Provided material:
★ ★ ★ ★ ★ ★ ★
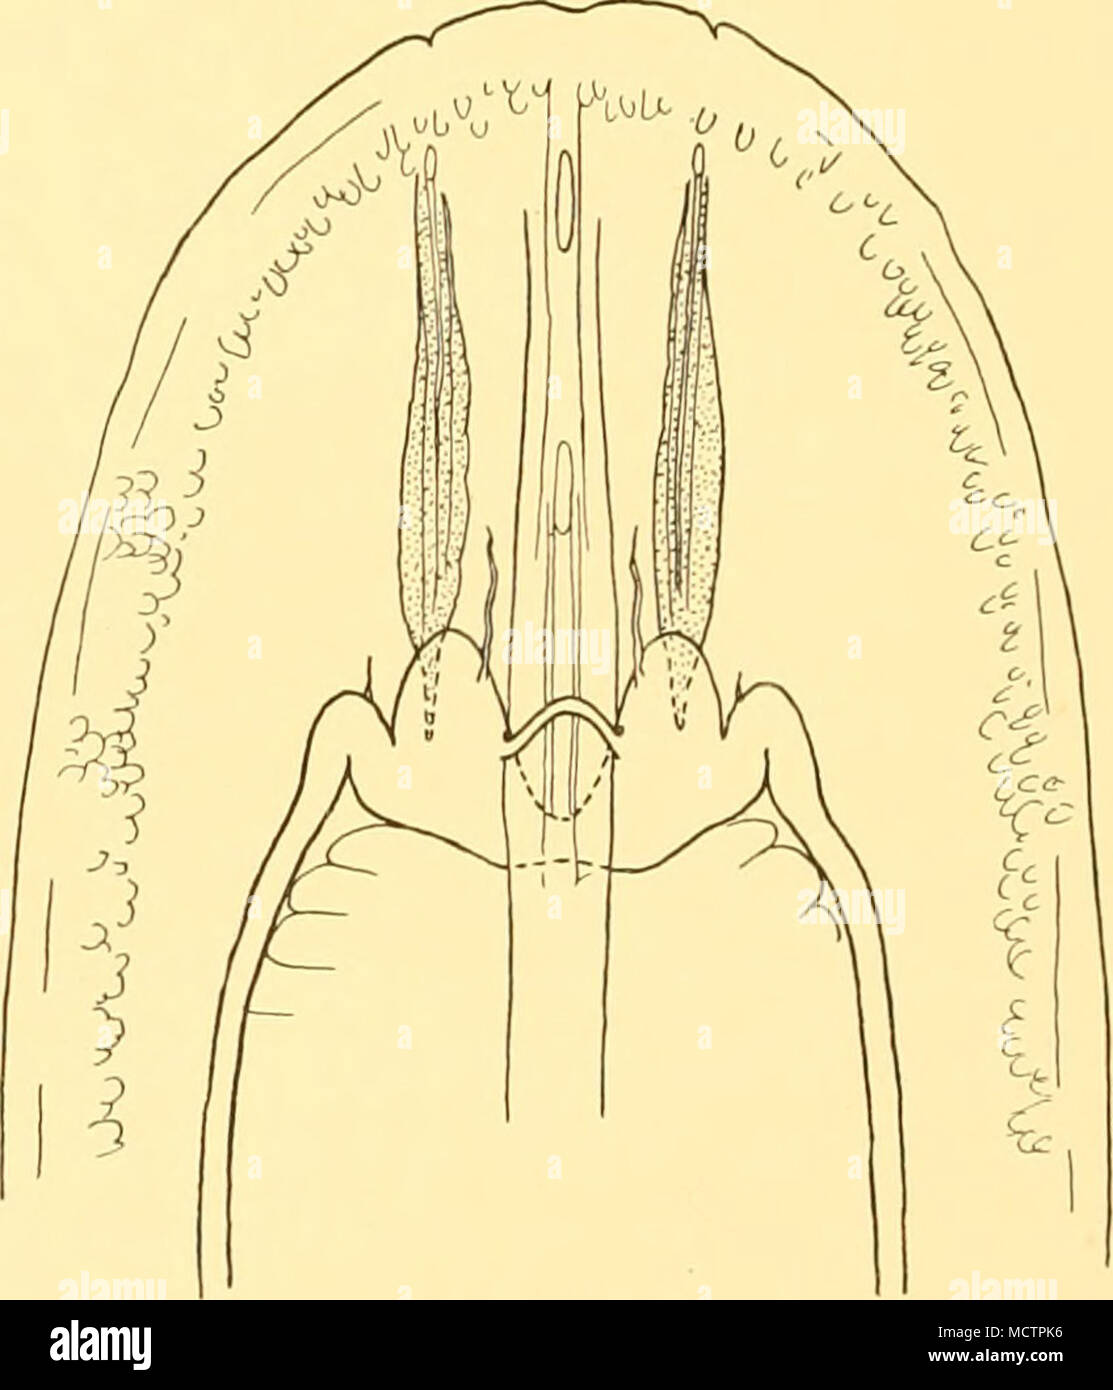 . Fig. 39. Amphipoms moseleyi, Hubrecht. Diagram of the anterior end of the body showing the brain, cerebral organs, cerebral subepithelial glands and the position of the opening of the rhynchodaeum and the opening of the oesophagus into it. Stock Photo
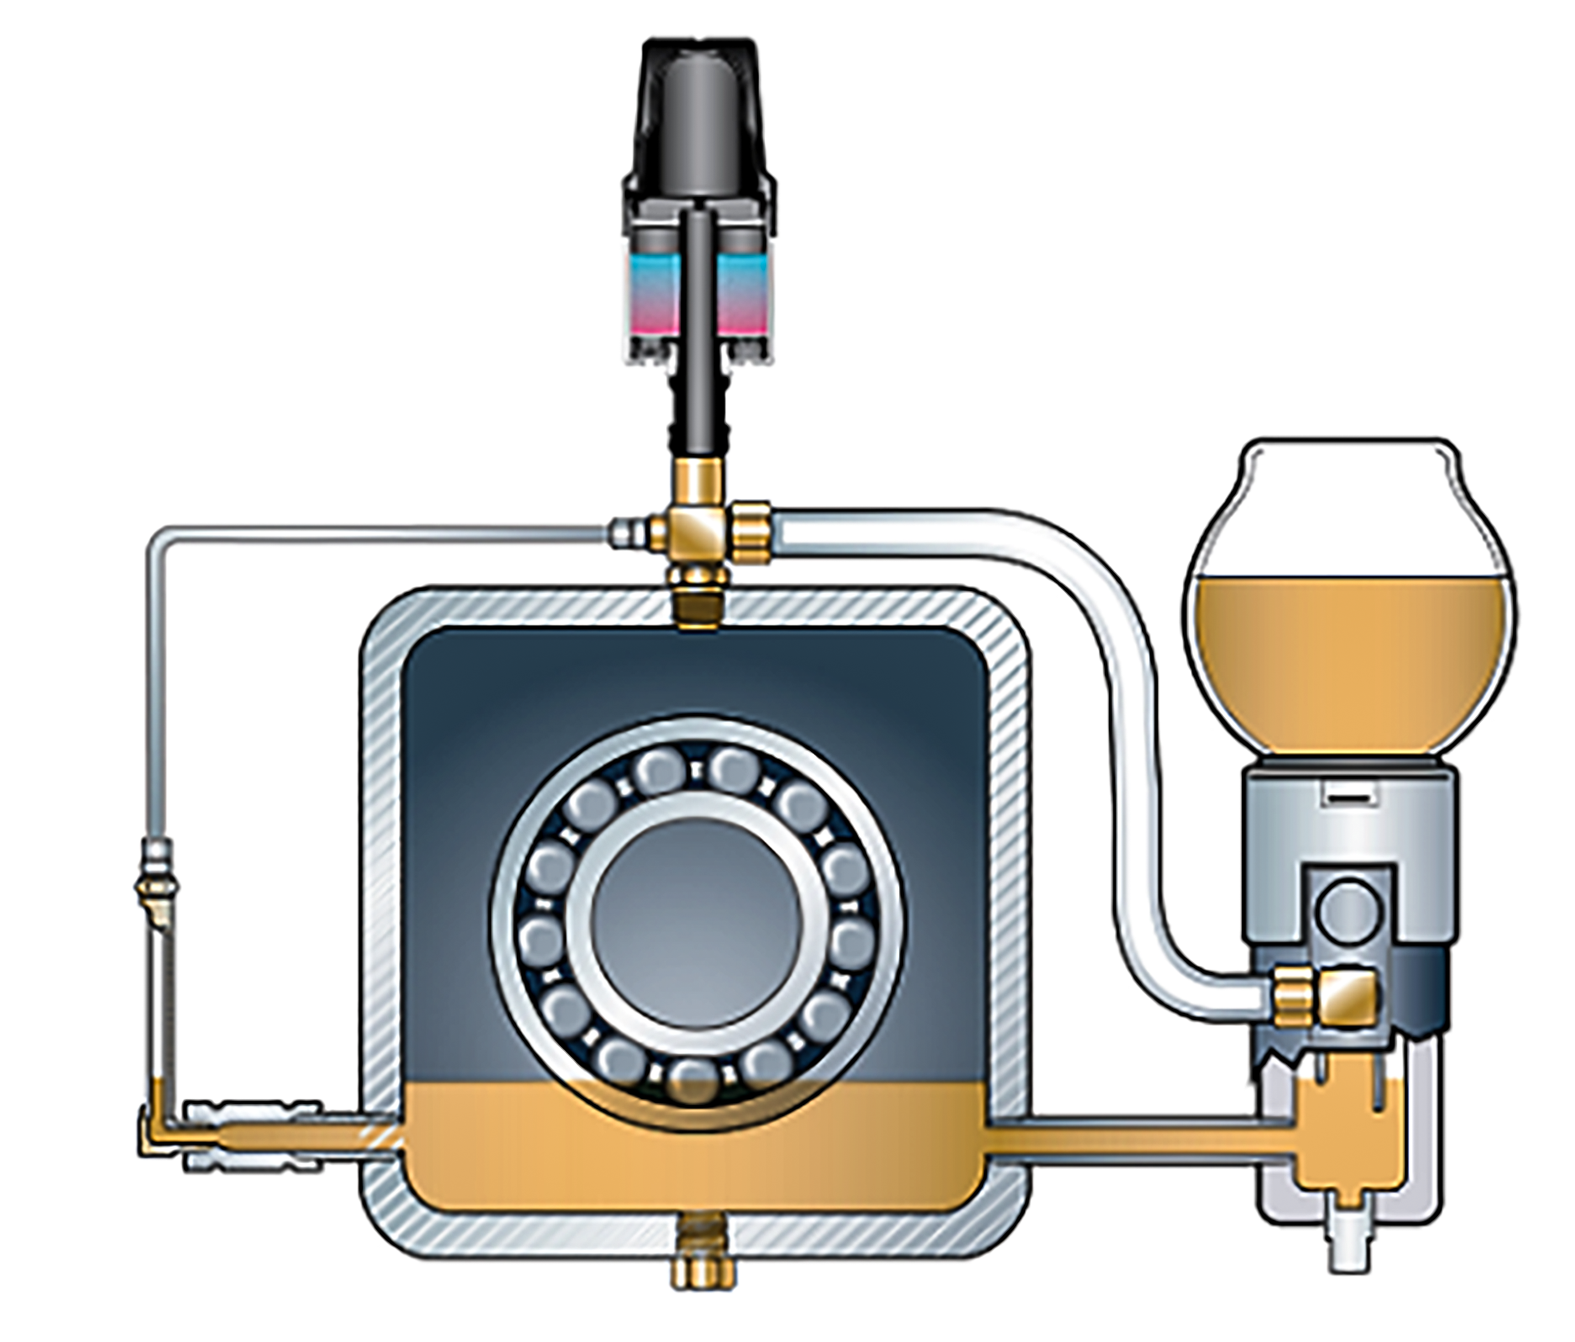 IMAGE 3: The correct oil level for a pump is halfway up the lowest rolling element.
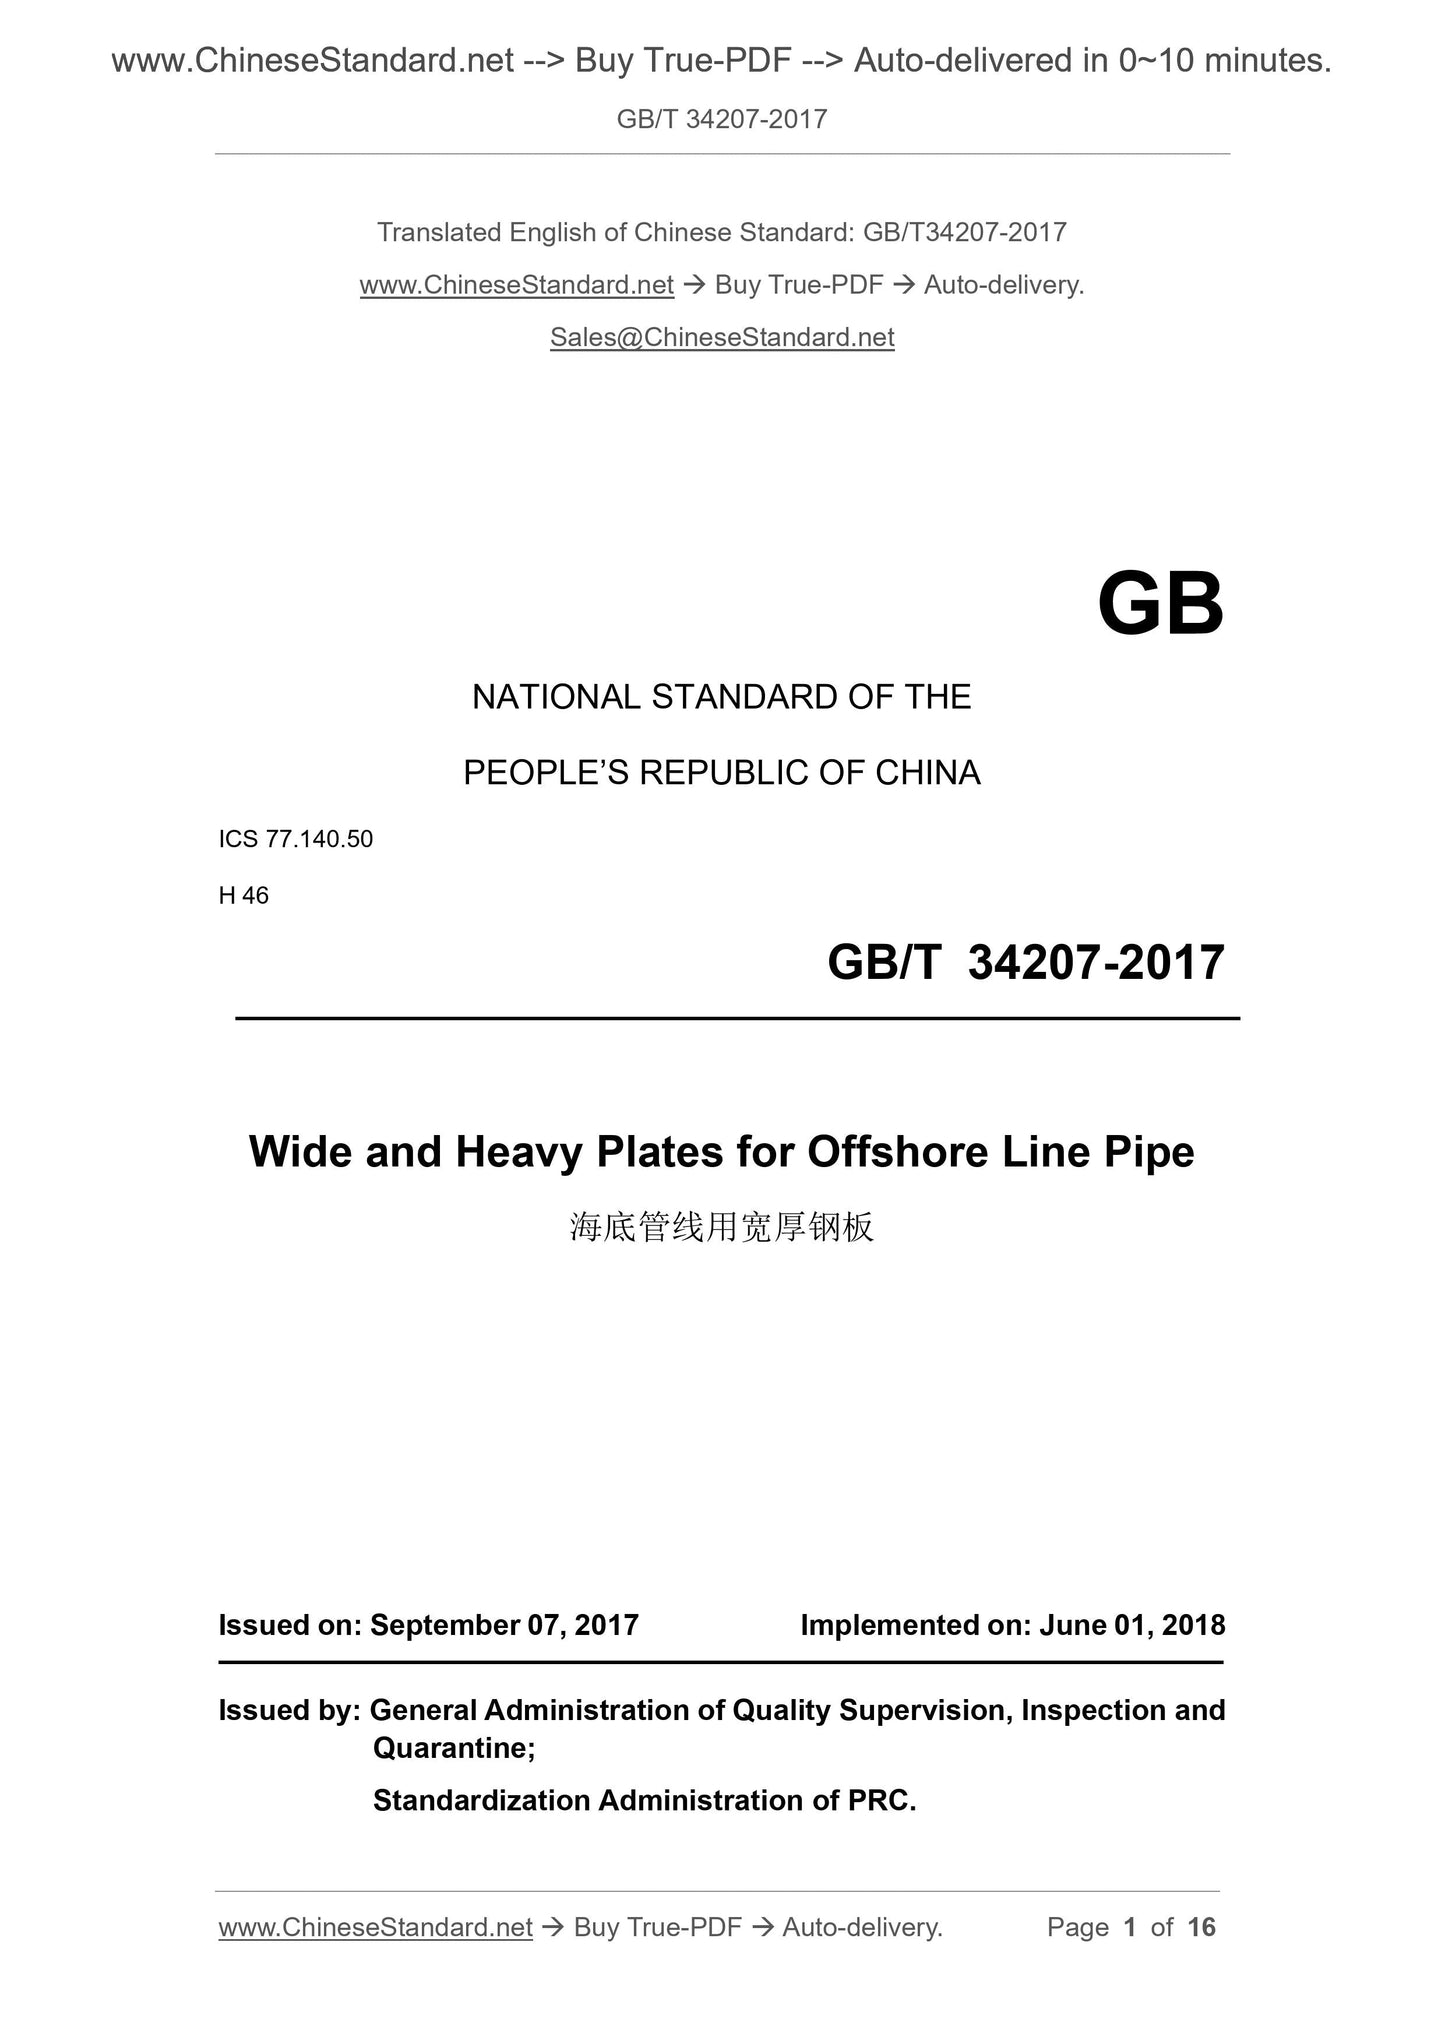 GB/T 34207-2017 Page 1
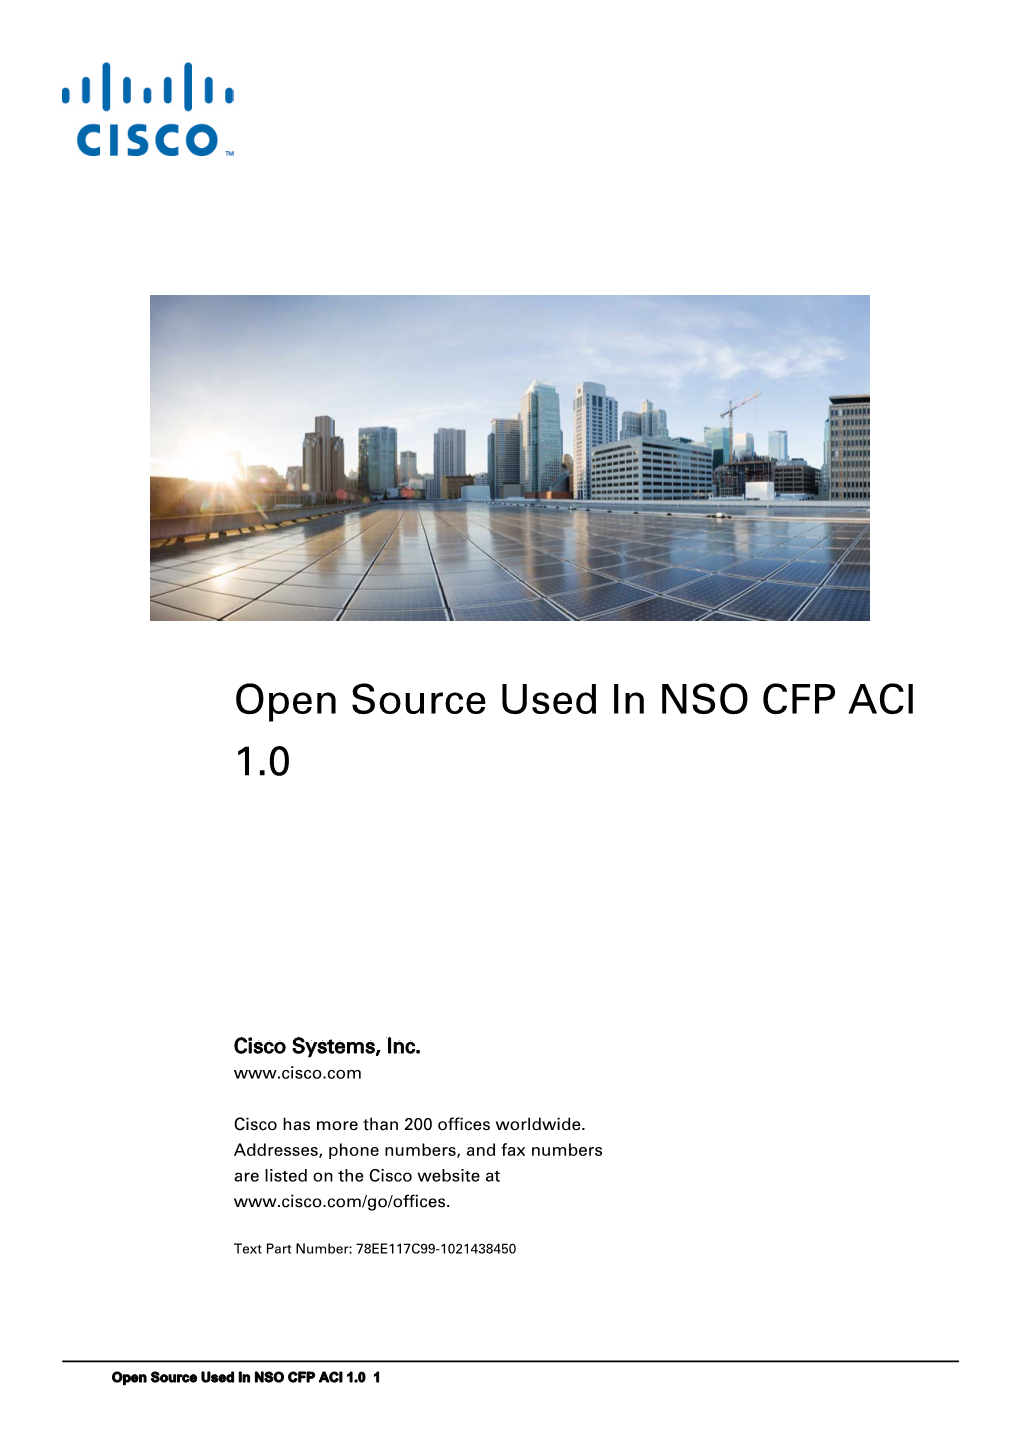 Open Source Used in NSO CFP ACI 1.0
★ ★ ★ ★ ★ ★ ★
Exercise aim: Your task is to restate word for word the lines from the one containing "IMAGE 3: The" through the last line of the data, both ends included, with no pictures.

Answer below:
 IMAGE 3: The correct oil level for a pump is halfway up the lowest rolling element.
 GB/T 34207-2017 Page 1
 Open Source Used in NSO CFP ACI 1.0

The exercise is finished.